Möge die Macht mit uns sein
Waterville - und kein Ende mit Water... die ganze Nacht hat es gestürmt und geregnet wie verrückt. Wir schieben die schlechten Gedanken erstmal beiseite und lassen uns zum...


Veröffentlicht: 15.07.2025
Keine nächtlichen Geister in der grossen Villa, nur der grimmige Hausherr am Morgen mit Black- und Whitepudding. Unser Frühstückstisch steht direkt vorm grossen Fenster mit Blick auf die alte riesige Buche und die Bucht. Mehr zu sehen gibt es leider nicht, der Nebel hängt dicht über der Bucht und es nieselt unaufhörlich.
Es fällt uns wirklich schwer, uns zum Fahren zu motivieren. Die Betten sind mega bequem und kuschelig und die Hausgeister scheinen uns darin gefangen halten zu wollen.
Wir wissen noch nicht, wie weit wir heute kommen können. Ziel ist es als erstes von der Insel Valentia zu kommen. Dazu nehmen wir die Fähre nach Renard Point. Vorher entdecken wir in Knightstown noch einen kleinen Dorfladen und wir brauchen unbedingt ein Regentrostpflaster und finden dies in einem frisch gebackenen Apple Pie. Wir stopfen ihn in Anjas Rahmentasche. Na lange wird er dort eh nicht bleiben...
Die Fähre kostet für Fahrräder und Fussgänger normalerweise 3 Euro pro Person. Wir bekommen den Mitleidsbonus: gratis Fähre für die-Zwei-in-Regenmontur-und-auch-noch-mit dem-Fahrrad-unterwegs-bei-dem-Sturm-Bonus.
Wir haben seit Beginn unserer Tour kaum FahrradfahrerInnen getroffen (die ...Innen sind für Peter...zwei Ladys mit roten langen Fingernägeln und Kettenschmiere an den Beinen, inkl. riesige unbequeme Rucksäcke.Die waren wohl nur für Schönwetter-Instagram unterwegs und nicht als BikepackerInnen).
Auch die Iren sind kaum mit dem Rad unterwegs, dafür gibt es vor jedem Haus mindestens zwei Autos. Der Gedanke an ein warmes Auto im Nieselregen ist schon verlockend.

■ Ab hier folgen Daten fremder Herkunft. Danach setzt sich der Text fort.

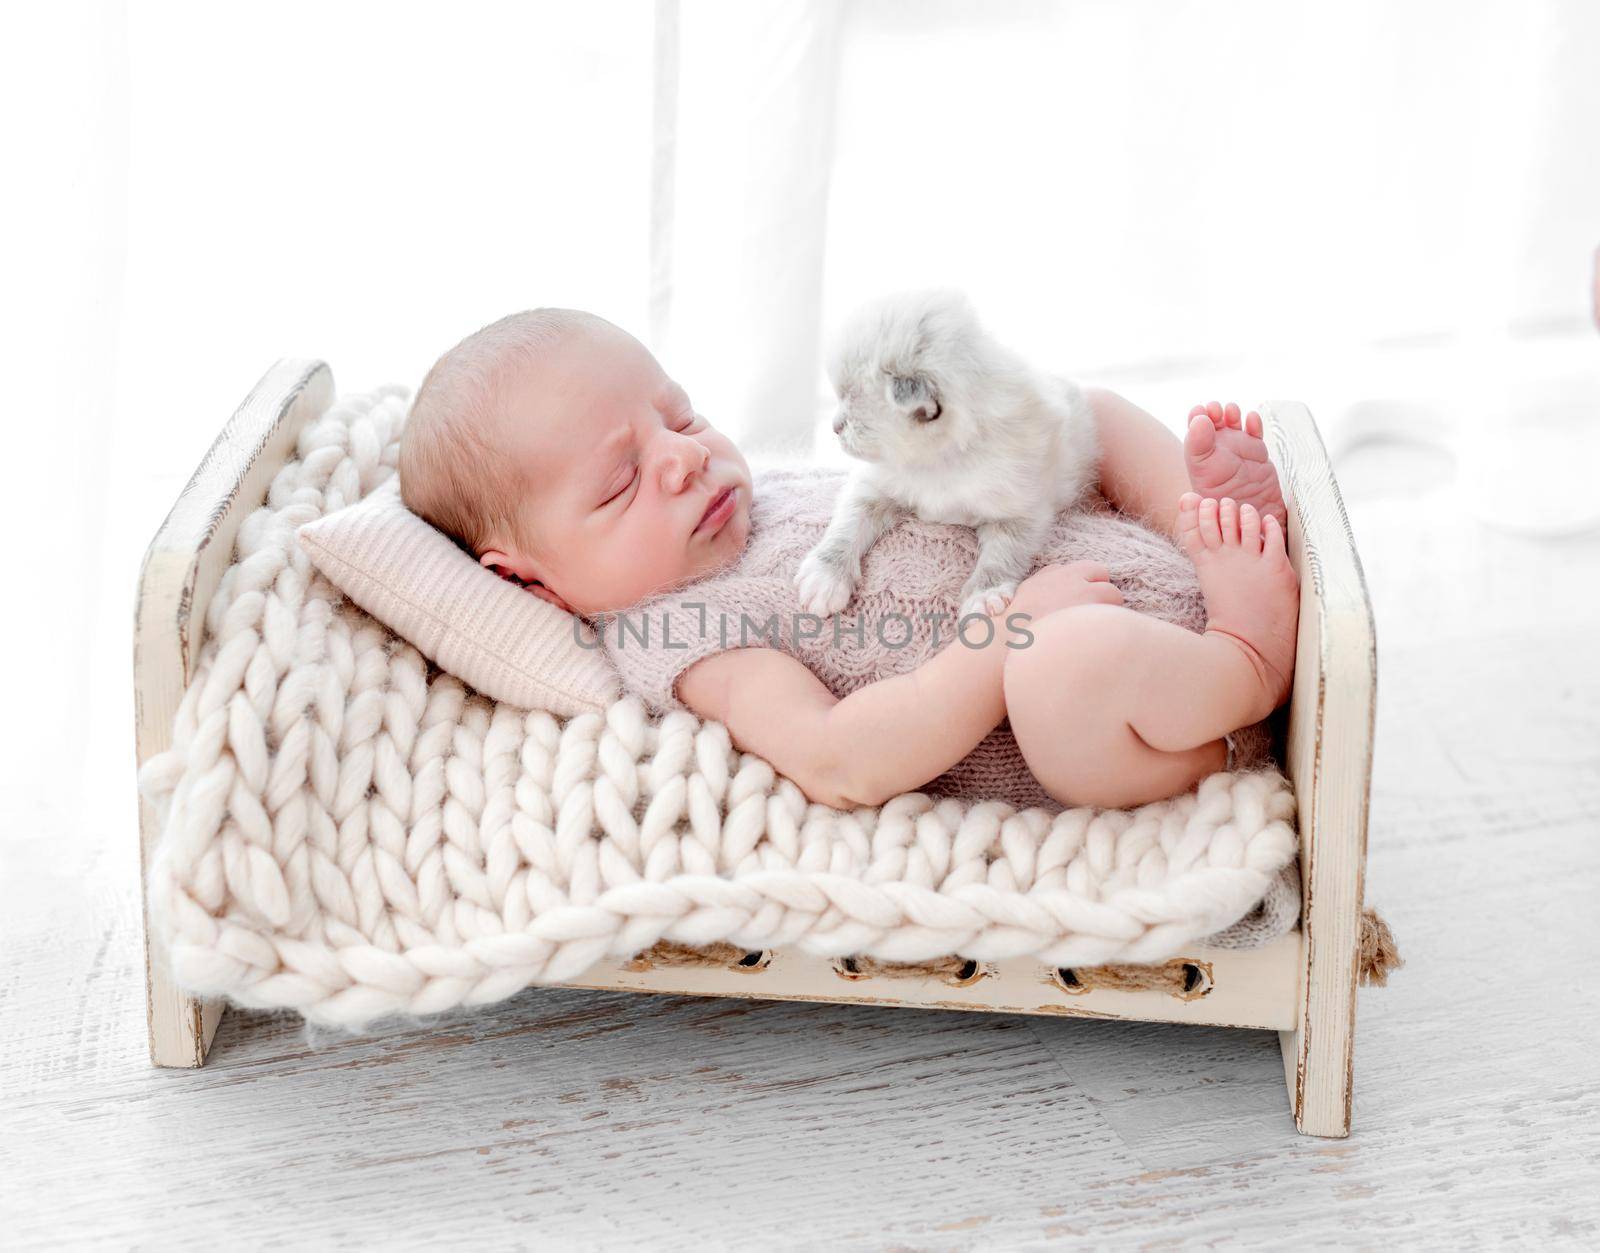 Newborn with kittens by tan4ikk1

Jetzt ist es Zeit für den Apple Pie, sonst schauen wir wohl noch im Internet nach einem Mietwagen.
Wir sind auf der Eurovelo 1 unterwegs, Richtung Caherciveen. Sie führt neben der grossen N70 durch ruhige Dörfer und durch riesige Kuh- und Schafweiden. Wir nehmen uns ein Beispiel an ihnen und fahren tapfer durch den Wind und den immer mal wieder aufkommenden Regen. Gras wollen wir aber keines, dafür kommt (endlich in Anjas Gedanken) der Apple Pie aus der Tasche. Eigentlich wollten wir mit dem Kocher noch Kaffee machen, aber keine Chance bei dem Sturm. Saftiger Apfelkuchen auf dem Parkplatz der N70 - was gibt es Besseres...naja so ziemlich vieles, aber der Kuchen kommt genau zum richtigen Zeitpunkt, ist saftig und megalecker und erfüllt genau das in unserem Gehirn, was er muss: süsse Zufriedenheit. Den Kaffee gibt's später in Glenbeigh in einer kleinen Bäckerei. Dort entscheiden wir, wie weiter. Der Wind hat nicht nachgelassen, es regnet aber wenigstens nicht mehr. Wir wollen eine Bleibe in Killorglin suchen. Es sind noch ca. 20 Kilometer. Die Eurovelo verläuft nah an der Küste, die Aussicht w ä r e wunderschön. Wir entdecken die Halbinsel Cromane - wunderschöne Küste, an die das Meer peitscht und Sandstrände. Vielleicht finden wir dort was zum Übernachten. Ausser schicken Häusern und Maseratis nix zu finden. Beim Zurückfahren im schlimmsten Meeresgegenwind mit Seitenböen stellt sich die Frage. Wieso sind wir überhaupt hierher auf die Insel gefahren? Anja! Ihr hat einfach das aufbrausende Meer gefallen. Nun ja, jetzt muss sie es auch selbst zurückschaffen. Wir schaffen es recht gut in die Stadt Killorglin und kommen über dem Kingstons Pub unter, was auch Zimmer vermietet. Es ist warm und gemütlich. Wir holen uns Pasta-Salate und Käse, dazu Cider aus dem Supermarkt, essen im Bett und sind rundum zufrieden, ist alles so, wie es ist.